Ag markets finished the week on a generally strong note
News of fresh export sales barely budged corn futures Friday. The USDA announced the sale of 141,200 tonnes of corn to unknown destinations this morning, but CBOT prices hardly moved. That probably reflects industry position-squaring ahead of next Monday’s USDA Crop Production and WASDE reports. March corn edged up 1.25 cents to $4.4425/bushel late Friday afternoon, while May gained 1.5 to $4.50.
Financial market action may have supported soybeans. Friday morning talk of improving Brazilian rainfall and domestic cash weakness seemed likely to sink the soy complex, but beans proved surprisingly firm. Traders may have been adjusting positions ahead of next Monday’s USDA reports, but they may also reacted to today’s stock market strength in the wake of the disappointing Employment report. Dollar weakness was also supportive. March soybeans advanced 5.75 cents to $13.315/bushel at their Friday close, while March soyoil dipped 0.10 cents to 38.56 cents/pound, and March soymeal inched up $0.4 to $446.4/ton.
Wheat ended the week mixed to lower. News of substantially reduced winter wheat condition rating on monthly reports sparked this week’s wheat advance. Futures dipped Thursday and proved unable to sustain a recovery Friday. This may represent position-squaring ahead of Monday’s USDA data. March CBOT wheat futures fell 3.25 cents to $5.775/bushel in late Friday trading, while March KCBT wheat futures moved up 0.5 cent to $6.4925, and March MWE futures gained 1.0 to $6.3925.
Bullish expectations apparently boosted cattle futures Friday. Nebraska cattle traded lightly at sharply lower prices Thursday afternoon, which seemingly reflected bearish short-term expectations. Indeed, midday Friday trade matched the Thursday quotes. Nevertheless, CME prices turned sharply higher late Friday morning, which apparently resulted from widespread short-covering. Traders seemingly expect a bullish cash reversal in mid-to-late February.

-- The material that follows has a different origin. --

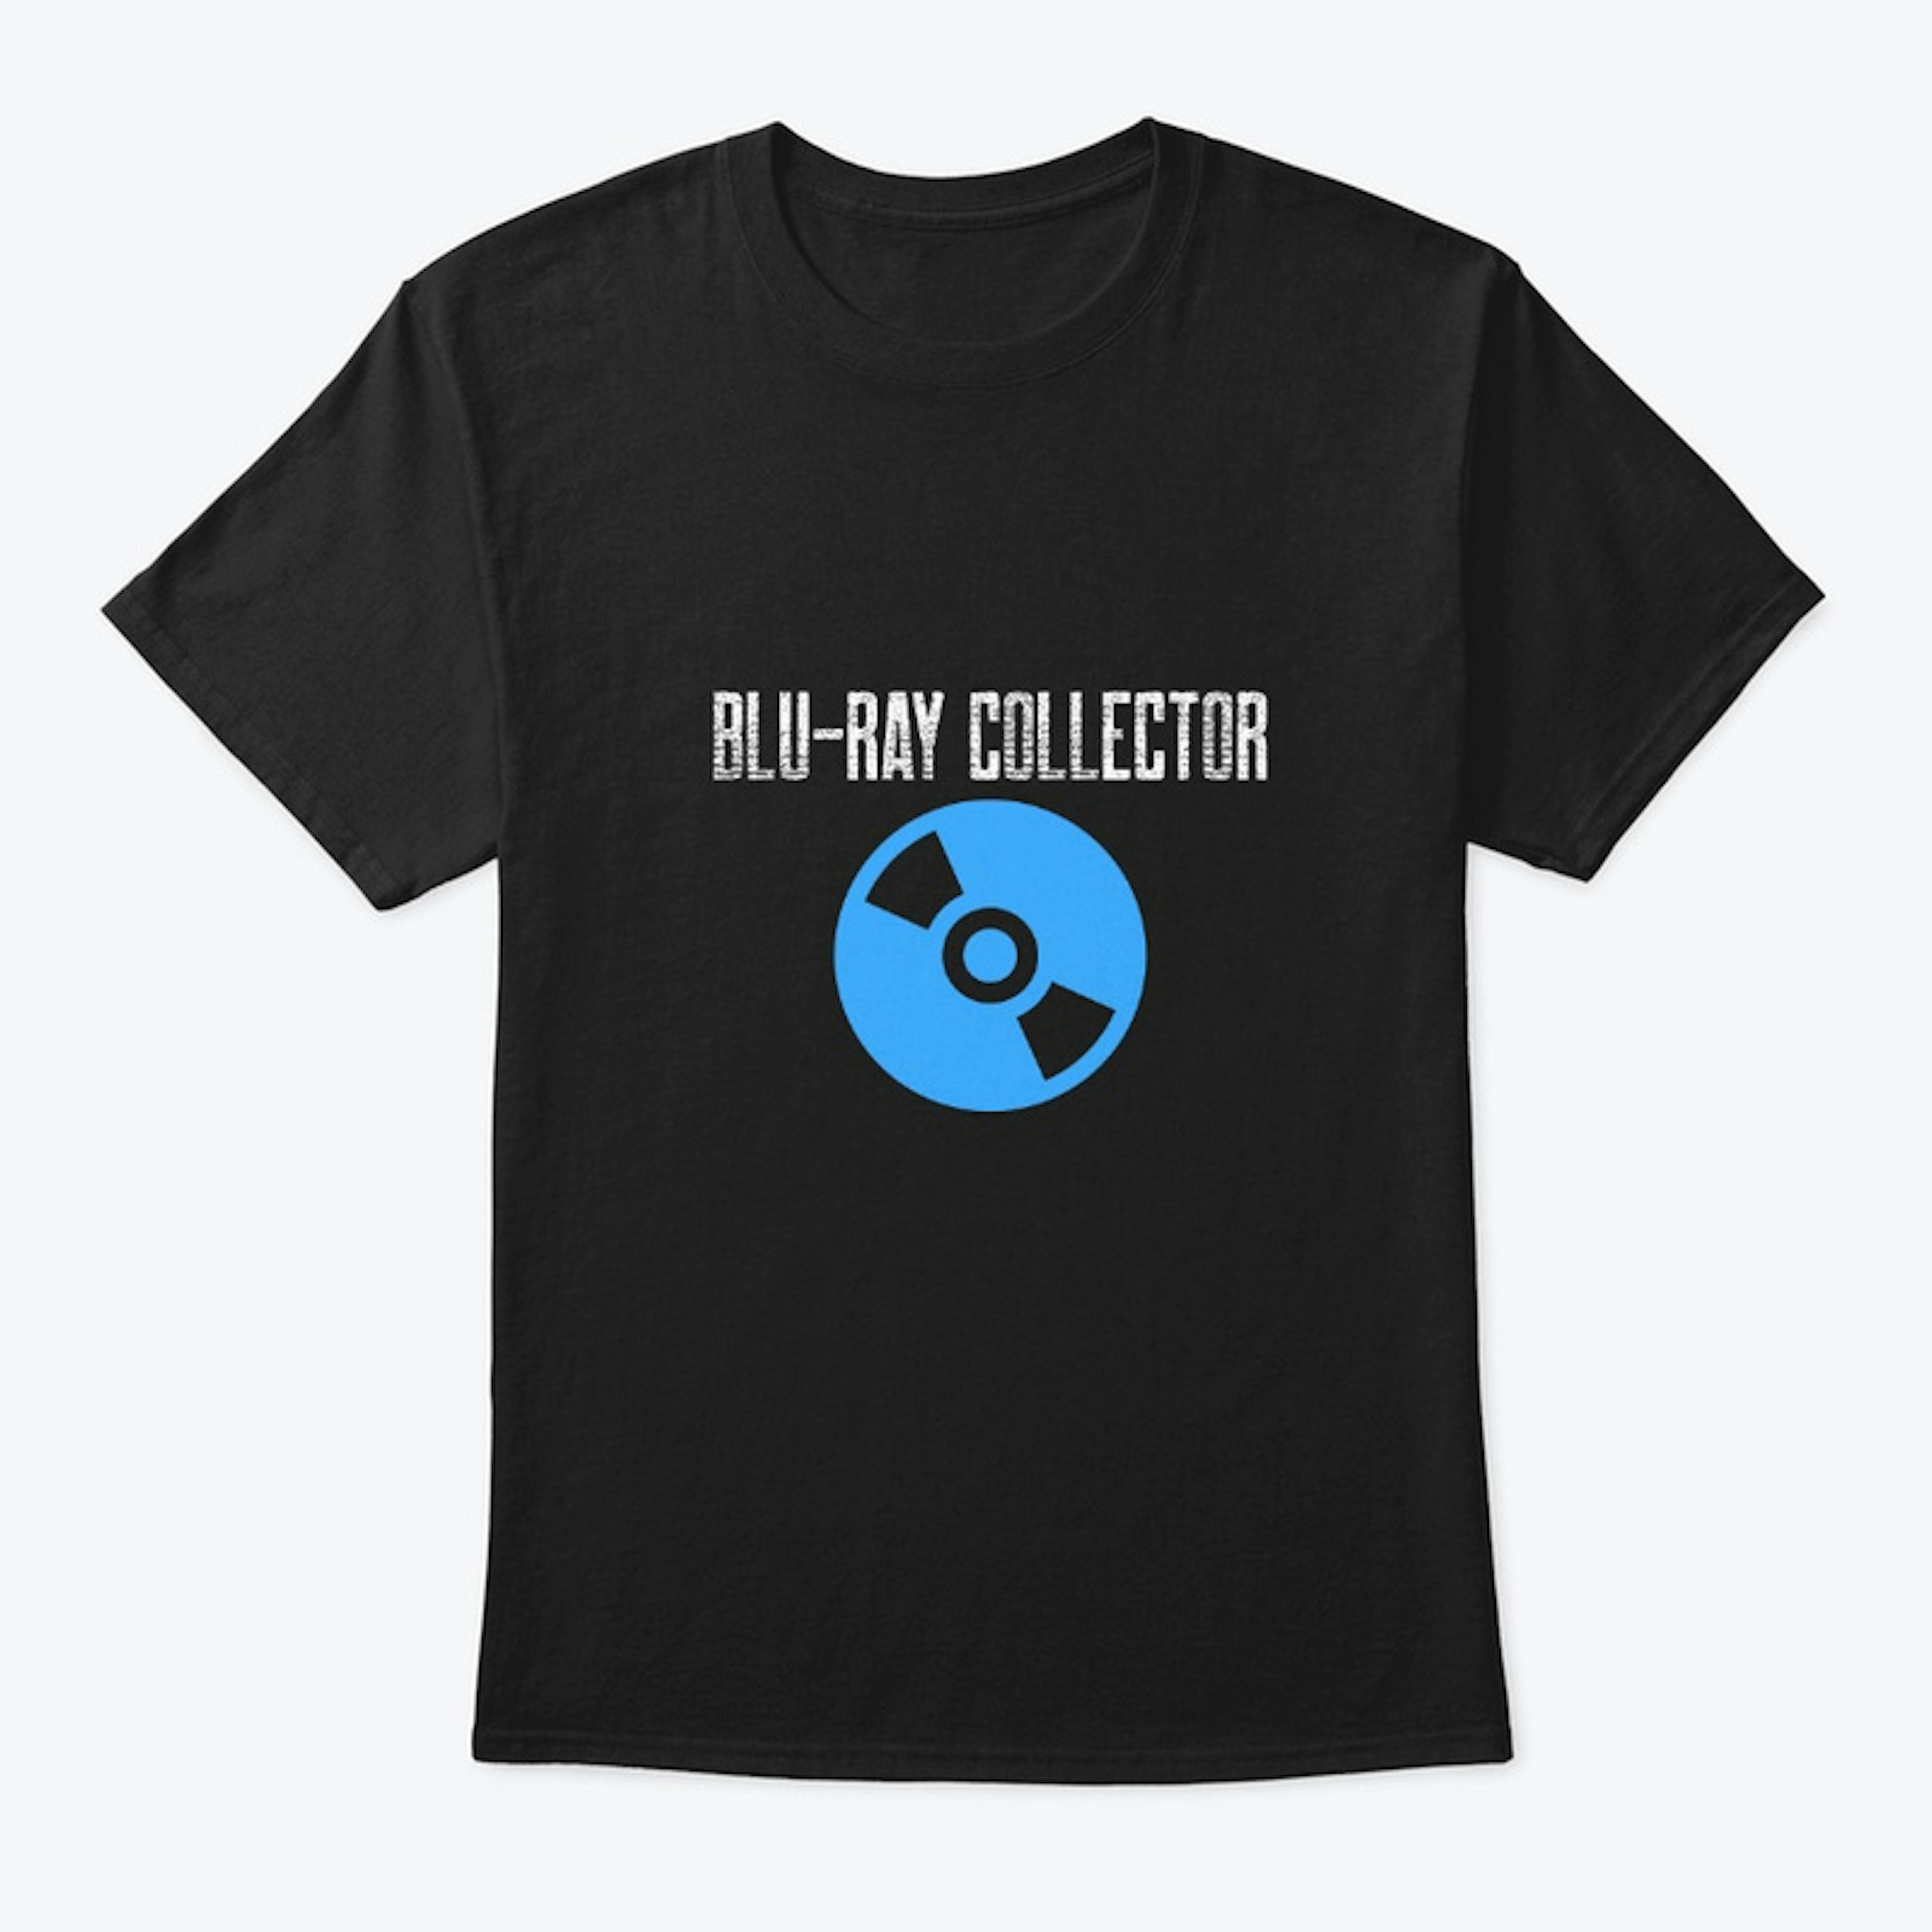 Blu-ray Collector

April cattle futures jumped 1.32 cents to 140.40 cents/pound at Friday’s settlement, while August leapt 0.85 cents to 130.57. Meanwhile, March feeder cattle surged 0.80 cents to 167.80 cents/pound, and May ran up 0.62 to 169.20.

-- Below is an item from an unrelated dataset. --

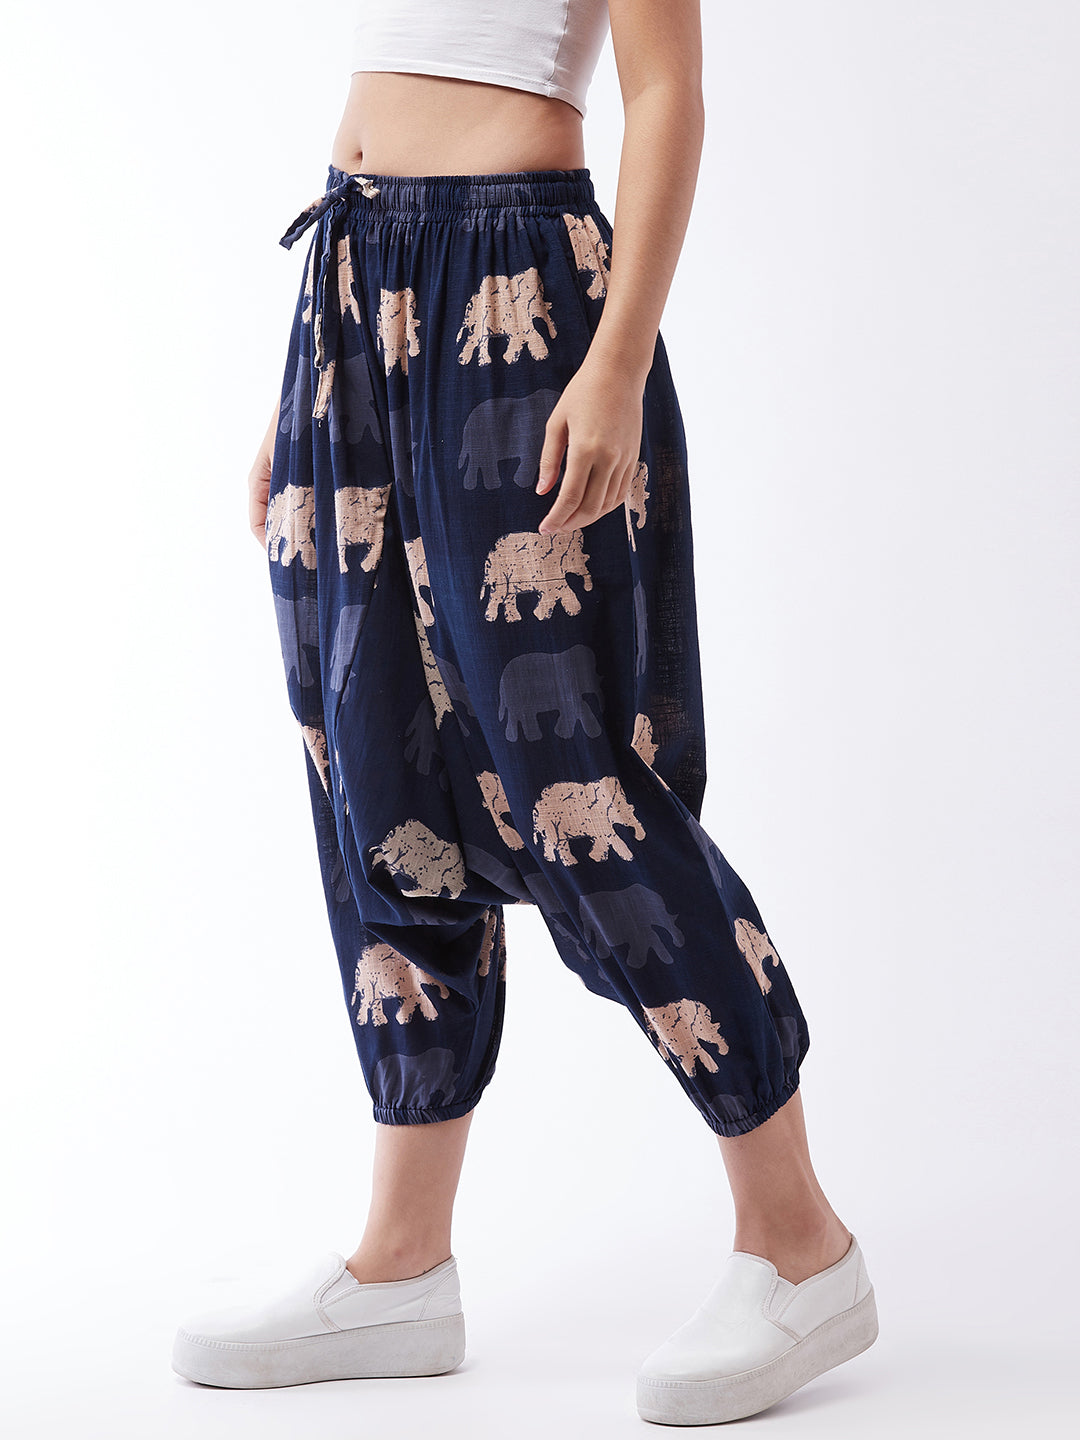 Whitewhale Mens  Women Rayon Elephant Printed Harem Pants Pockets Yog

Hog futures may have benefited from spillover strength. Cash hog and wholesale pork prices proved mixed Thursday afternoon, thereby limiting overnight strength. However, hog futures turned decidedly higher Friday. That may have reflected concurrent equity market strength (and optimistic implications about the economic outlook) as well as the late-morning cattle surge. Bulls may also been hearing reports of cash/pork strength from those markets. April hogs climbed 0.52 cents to 94.72 cents/pound Friday, while June increased 0.30 to 105.35.